A total of 1446 Sentinel-3 images were acquired over the Rias Baixas area between April 2016 and September 2020, of which 989 (68.40%) were totally or partly cloud-free and hence used in this study (Table 1). Sentinel-3 is a European Space Agency (ESA) satellite being launched as part of the Copernicus programme. It is mainly an ocean mission based on the heritage of ENVISAT MERIS, which was operational between 2002 and 2012. Its Ocean and Land Colour Instrument (OLCI) covers a swath width of 1270 km providing the same spatial resolution (300 m) to MERIS, but with more spectral bands (21 instead of 15) ranging from 400 nm to 1020 nm. The mission consists of two satellites (Sentinel-3A and Sentinel-3B), launched in February 2016 and April 2018 respectively. Therefore, revisit time in mid-latitudes improved from 2-3 days to daily since December 2018, when Sentinel-3B images started to be available [41].

2.3. INTECMAR data

In this study, a database with 7740 records of Pseudo-nitzschia spp. abundance in 465 different days between April 2016 and September 2020 was used (Table 1). INTECMAR conducts a routine monitoring programme consisting of a weekly sampling at 38 sampling stations distributed across the four Rias Baixas (Figure 1). At each station, they measure different water quality parameters (e.g. salinity, temperature) and collect water samples using PVC hoses at three depth ranges (0 m – 5 m; 5 m – 10 m and 10 m – 15 m) and phytoplankton samples using tow nets (10 µm mesh) from surface to 15 meters depth. In the laboratory, water samples are analysed in order to determine chlorophyll and inorganic nutrients concentrations [35]. Phytoplankton samples are fixed with formaldehyde 4% and stored under dark and cool conditions. Total abundances (in cells L-1) of different taxonomic groups, including Pseudo-nitzschia spp., are counted using an inverted light microscope at 250x and 400x magnification [42].

3. Methods

3.1. Image processing and dataset generation

Sentinel-3 OLCI images were masked using the pixel identification and classification tool IdePix, an open processor available in the STEP (Science Toolbox Exploitation Platform) Sentinel-3 toolbox (brockmann-consult.de/portfolio/idepix/).
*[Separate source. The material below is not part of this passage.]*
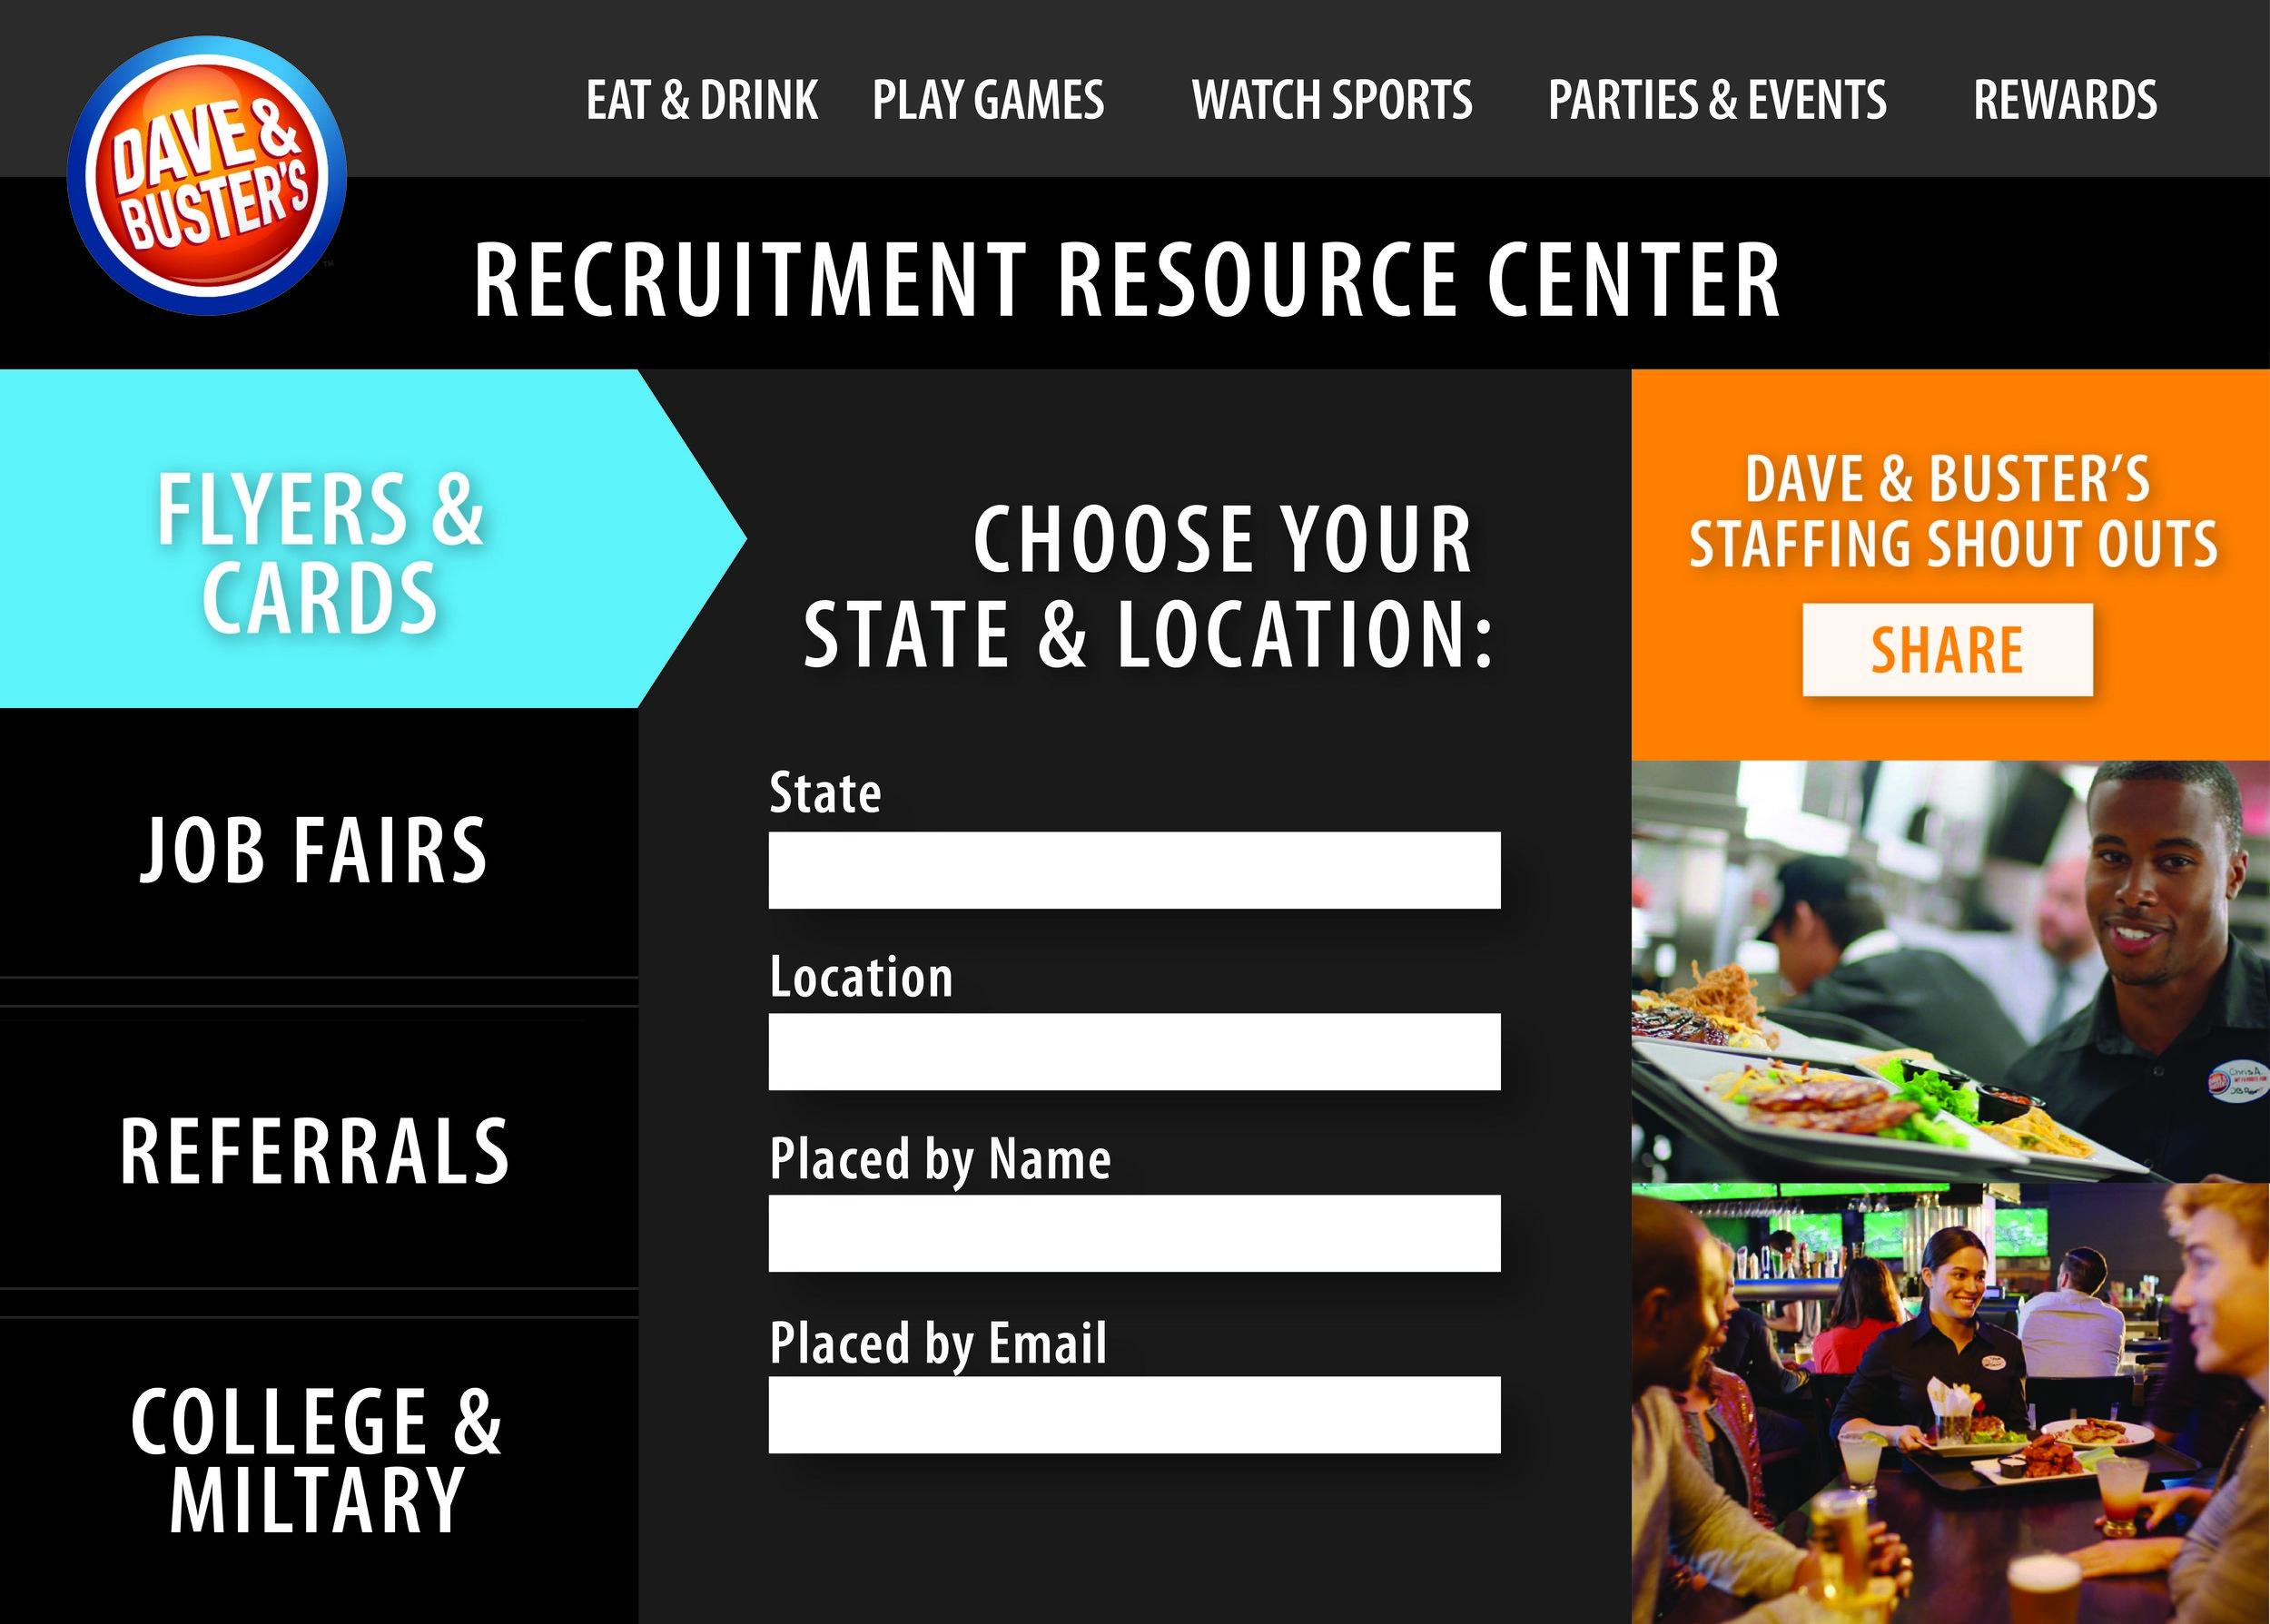 d&b recruitment page mock-01.jpg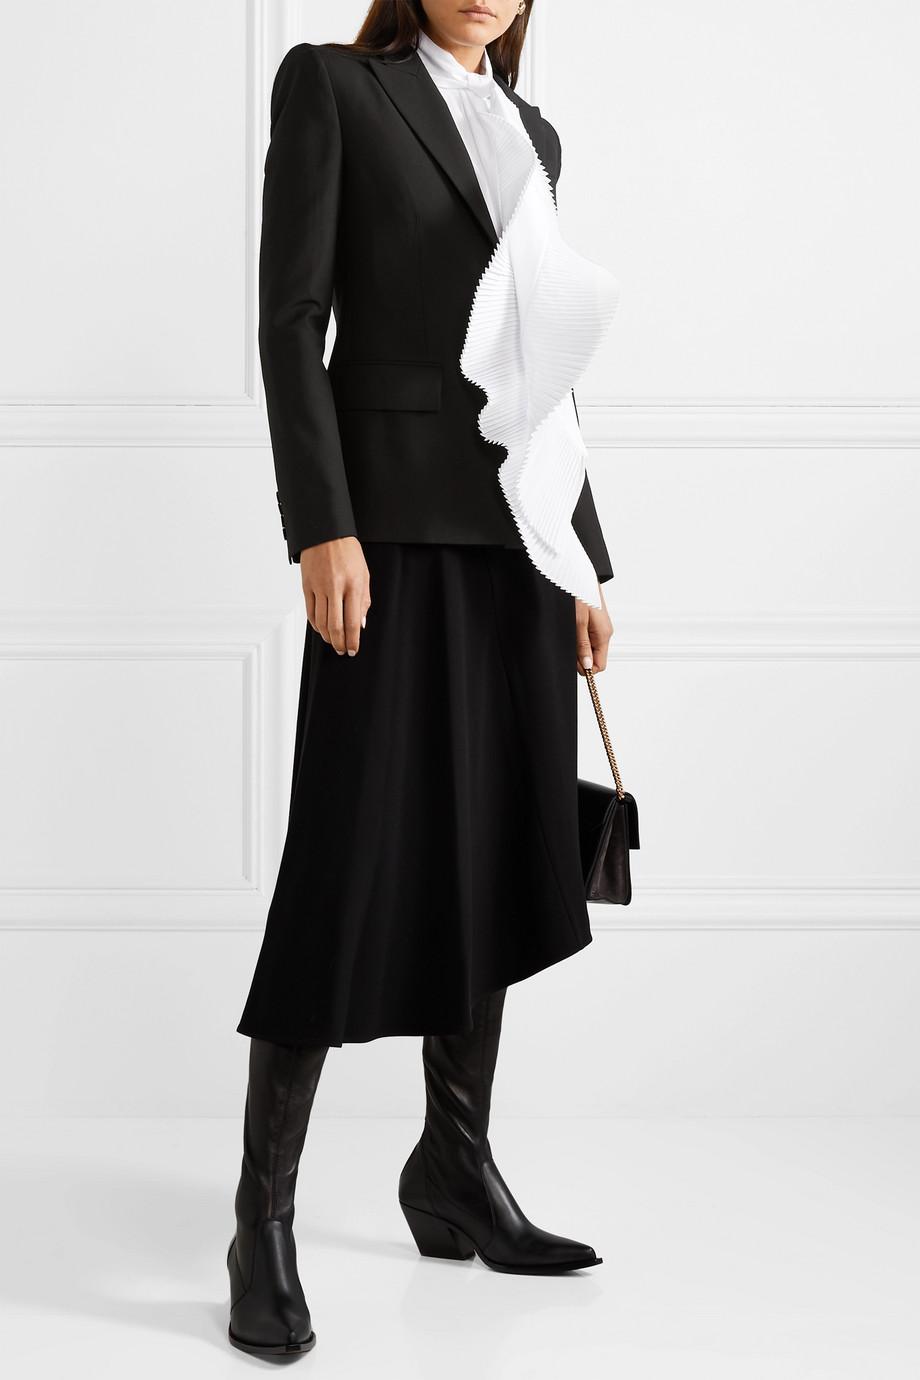 Givenchy Wool-crepe blazer

Pixels flagged as invalid, cloud (i.e. cloud_sure, cloud_buffer, cloud_shadow, cirrus_sure, cirrus_ambiguous), land or vegrisk were masked, while the remaining pixels were considered as valid.
Polymer v4.12 was applied for atmospheric correction of the cloud-free Sentinel-3 images. Polymer was developed from an atmospheric correction processor for clear ocean (case-1) waters that is able to deal with sun glint [43], and has shown good results over the study area [44]. It applies a spectral optimization based on a bio-optical model and radiative transfer models to separate atmospheric (including glint) and water reflectances. Output values are provided as fully normalized water-leaving reflectances (https://www.hygeos.com/polymer).
Water-leaving reflectance data from Sentinel-3 images were extracted and linked to the Pseudo-nitzschia spp. abundance database from INTECMAR. Only images acquired on the same date as the phytoplankton samples collection were considered. Water-leaving reflectance values were extracted from valid (non-masked) pixels containing the location of the sampling station. The number of valid pixels in a 3x3 window around the station location was also extracted as a quality flag, ranging from 9 (highest quality) to 1 (lowest quality) [45].
The final match-ups dataset included 3008 valid records, of which 2171 were flagged as high-quality (28.05 % of the total phytoplankton samples) and were obtained from 260 Sentinel-3 images (55.91% of the total sampling days), as shown in Table 1.
Due to its skewed distribution, Pseudo-nitzschia spp. cell abundance (P-n) was log-transformed (log10P-n) to be used as response variable in the linear regression model. We applied a log10 (1+P-n) transformation to avoid negative results when P-n was zero.
As SVM models require a categorical output, four categories were established based on the thresholds defined by [36]: below low detection limit (BD) (P-n < 100 cells/L); presence (P) (P-n > 100 cells/L); no bloom (NB) (P-n < 105 cells/L) and bloom (B) (P-n >= 105 cells/L). These categories were grouped into three classes when used to analyse the temporal and/or spatial distribution of Pseudo-nitzschia spp.: below low detection limit (BD) (P-n < 100 cells/L); presence - no bloom (P-NB) (100 cells/L >= P-n < 105 cells/L) and presence- bloom (P-B) (P-n >= 105 cells/L).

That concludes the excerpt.